Cora Graves (Tancredi) has taken in a much-younger Walter (Coed) as an employee and bedmate, as spouted in the beginning from the queens of buzz, Martha Truitt (Dobbertin) and Wilma Atkins (Gorman); Robert Conklin (Murney), pejoratively called "Driver Junior" after his late race-car enthusiast older brother, spends most of his time avoiding people save the physically disabled 14 year old, Eva; Josh Johnson (Alcheh), brother to Patsy (Curwen), and Lena Truitt (Leifman) begin seeing each other out of sheer proximity; everyone shares a loathing for the reclusive creeper, Skelly Manor (Rodriguez); and throughout, the town switches from attending the trial for the crimes at hand and worshipping at church (curiously, the Judge and Priest are both played by Kazmierowicztrimm).
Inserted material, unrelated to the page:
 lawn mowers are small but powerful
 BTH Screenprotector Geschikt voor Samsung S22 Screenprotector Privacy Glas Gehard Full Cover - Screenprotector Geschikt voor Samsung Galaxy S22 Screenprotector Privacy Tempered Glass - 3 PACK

Wilson's complicated storytelling technique cannot be executed well without quality actors, and Syracuse University's cast, under Clark's deft direction and Alberti's effective Midwest-dialect coaching, delivers. Windley's Eva convinces entirely as blossoming teen wrought with small-town cabin fever, especially in her scenes with Murney's Rob.

The most stunning performance comes from Rodriguez as Skelly; instead of the "deep, mangled, growling, almost drunken voice" in the original stage directions, he finds a higher-pitched sort of howl in the character's speech that teeters ambiguously on a tightrope between confidence and terror. Rodriguez delivers a riveting extended monologue, a centerpiece of the second act wherein his use of timing and gesture signals an outstanding and disciplined talent.

Skelly and Mary (played with appropriate chaos by Van Horn, supplemented by Shapiro's concerned Nelly), the two characters with the least of their minds left, seem to comprehend Eldritch better than the others. "People talk but they don't know - it's them that's the bastards," Skelly says simply. "I don't want to go up there," says Mary, afraid to be stuck in her room. "The evil town is all around me up there." But even Mary can't stop herself telling people that her daughter beats her.

The jabber amongst the township, when taken at face value, echoes the typical gossip one might find in a tabloid; but when scattered and reassembled, it reveals an obscured, melancholy poetry. Few in Eldritch are innocent of tossing these lyrical stories at one another, and as the town's layer of rime collapses under is own weight, its population is rendered both exposed and speechless.